Tuesday, October 14, 2014

Discovery Writer Reloaded

I am still rewriting my story and simultaneously translating it from German to English. Remember? I am glad I decided to do this. 

When I started I assumed that I would be able to improve the story, but I couldn't imagine how much I have to fix. Not plot-wise, but with regards to storytelling. I had far too much telling in it and not remotely enough showing. Additionally, some characters needed development in order to keep up with their assignment.

However, I realized there is another angle to it, that I wasn't aware before. I already knew that I am an inbetweener, something between plotter and discovery writer, and that I develop the plot during the breaks in the middle of the story. Going back through stories I wrote so far, I noticed that my first drafts always tend to be very short. I mean really short. 

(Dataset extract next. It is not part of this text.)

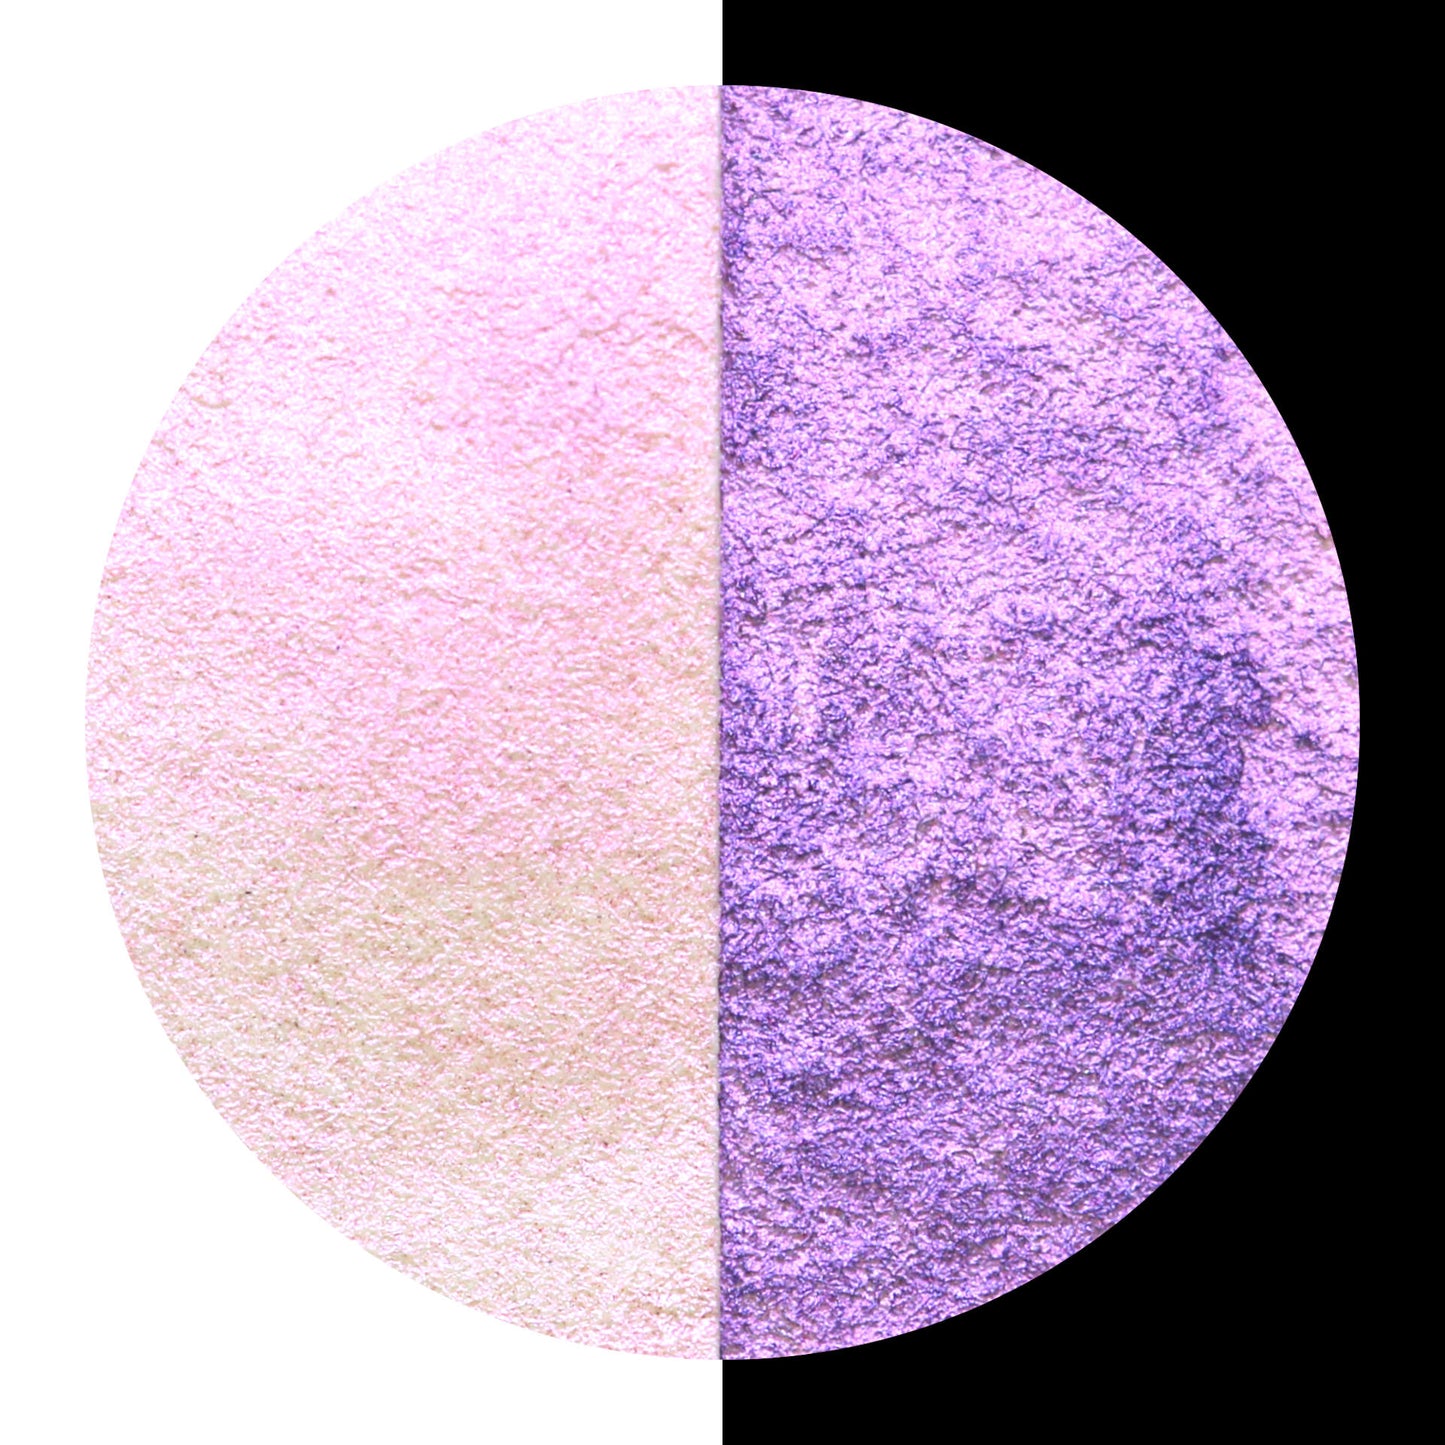 "Fine Lilac" Pearlcolor - Finetec Pan

I write my first drafts in a kind bare bones approach. Of course, there are side tracks and various characters, but outside the main characters and the central plot they are flat and colorless. It's the bare minimum to tell the story. 

You could also call it an extensive plot.

Please don't misunderstand me, there's nothing wrong with this approach. It simply means more work during the rewriting phase. It's a little like painting - first you do a sketch with a pencil and afterwards you color it. An then again it also means further backload the work. 

How it works out? See for your self, how the first lines evolved: 

"He had heard about the death sentence years ago on one of these old pirate radio stations. He knew this would be his last day. The night had already fallen and there was only a small sickle of purple left on the horizon. He had noticed the lights a while ago. Like fireflies they were crawling down the hill on the other side of the lake.

"Here they come. You are late guys, years late. Even for Argentinian benchmarks, you are late." 

His chuckle turned into a cough."

Not yet there, but a whole better than the first draft.